Doctors and children’s charities said they were concerned about the emotional and physical damage which the craze could cause to pupils.

The bullying takes its inspiration from violent reality videos, such as those produced in the United States featuring tramps who have been paid to fight with one another.

Pupils usually share the videos at school by making wireless connections between their phones. In some cases they have emailed the videos to friends and posted them on websites.

One London teacher said: “The school fight you used to deal with is now a media event, with an audience around the whole school and, potentially through email, the whole of London and the country.”
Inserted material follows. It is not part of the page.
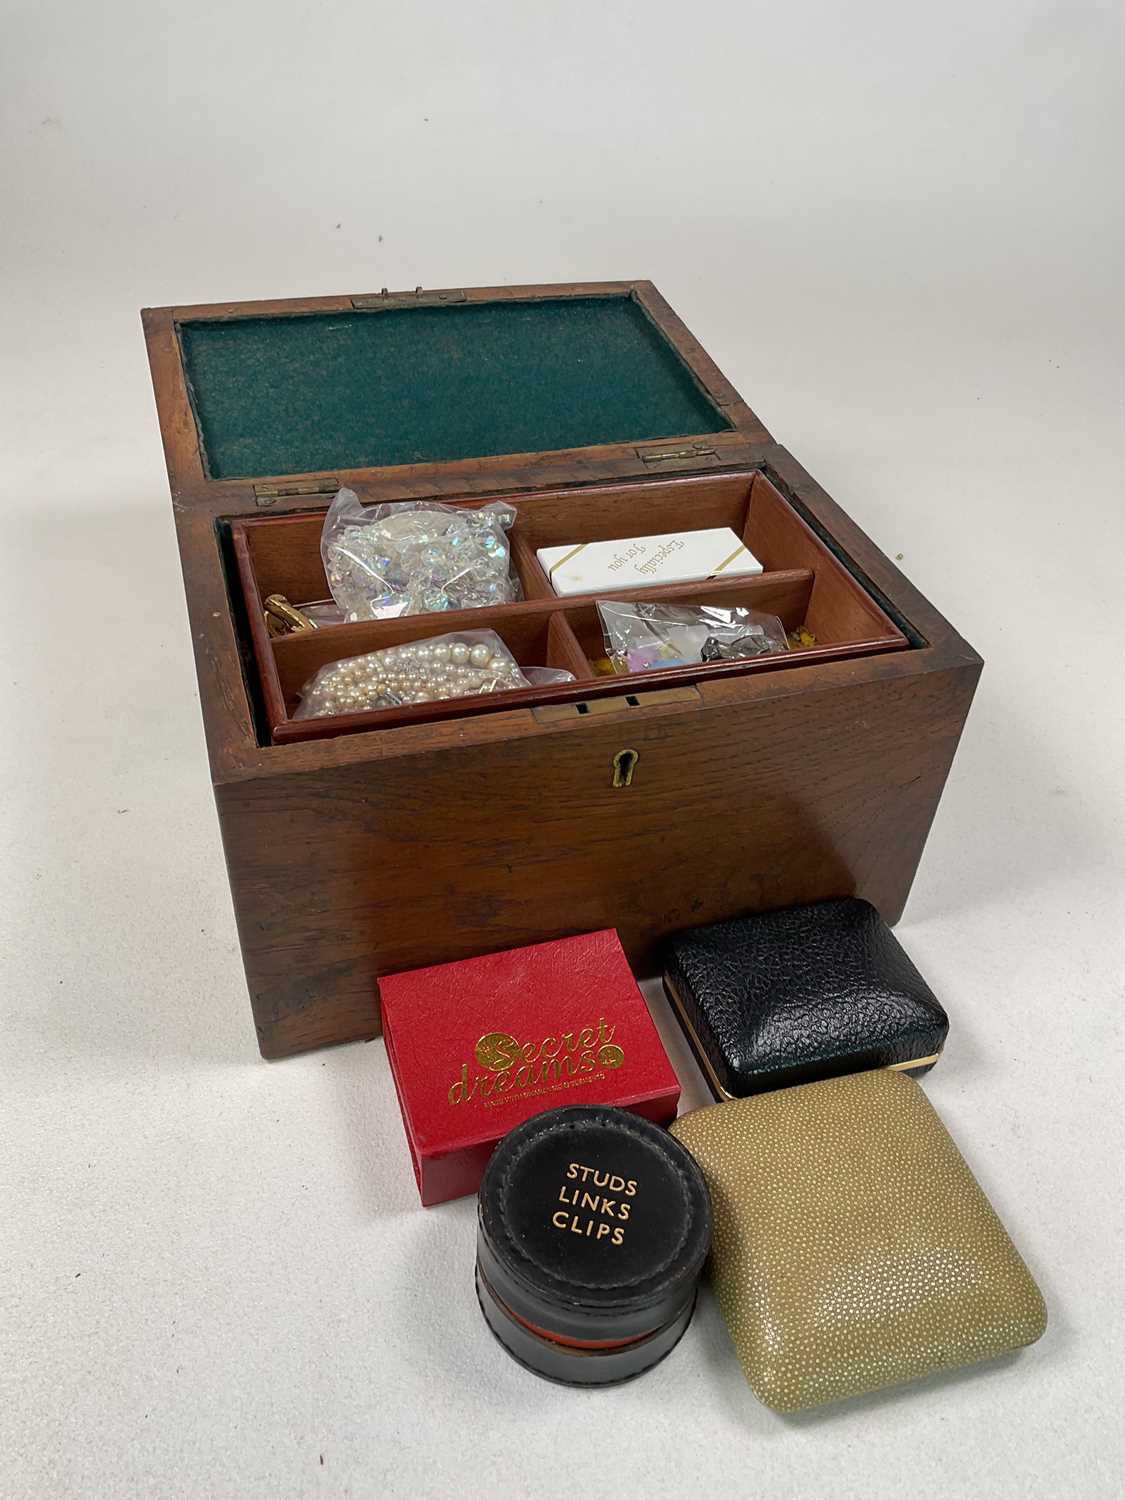 A collection of costume jewellery in a wooden box includes brooches, earrings, watches and others - Image 4 of 4

He said he had been shown clips of girls fighting at a bus stop outside a school and two boys apparently brandishing weapons and covered in blood.

A pupil told him: “It tells other schools how hard your school is. It’s proof. Then they try and send you something worse, go one better.”

Headteachers’ leaders said the craze, which began in London secondary schools last year, was another reason why mobile telephones should be banned from schools.

John Dunford, general secretary of the Secondary Heads Association, said:

“People are very worried about mobiles being used as a tool for bullying.”

The bullies tend to attack younger pupils, but teenagers report that they have seen videos in which adult men and women have been slapped by gangs of youths on public transport.

The London teacher said: “The standard format is a slap round the head. The perpetrator gets another pupil to video it. If the happy slap is a planned event, there is likely to be a huge crowd emerging from the woodwork, out of classrooms from along the corridor.

“As you wade your way through the crowd, the pack of observers hold their phone cameras out and there’s a frenzy of snapping.”

Teenagers have been arguing about the craze on youth websites. While some said they had found the clips amusing, most were scathing of the pupils who carried out the pranks.

“Happy slaps are evil,” one said. “To make it worse it’s recorded on a camera phone and passed around, and the slaps are bloody hard. These boys even slap girls and women, it takes the piss.”

Another said: “I was at my friend’s birthday when these boys came and happy slapped this boy so hard. My friend grabbed him and took him off the bus. I hate it. It just gets on my nerves so much.”

Professor John Pierce, a child health expert in Cornwall, said the assaults were obviously harmful to children both physically and mentally. “I think it’s unlikely to cause long-term physical damage, though it depends where the children are hit and how hard,” he said.

“It should be a police matter - that is what would happen if it took place between adults.”

The anti-bullying charity Kidscape has received numerous calls about bullying involving mobile telephones and websites, although none yet about happy slapping.

A spokeswoman said: “What is scary about this is they do not realise that they could kill someone. For them it’s just a bit of fun, but for the victim it’s terrifying and when they put it on the internet it could drive some children to feel suicidal.”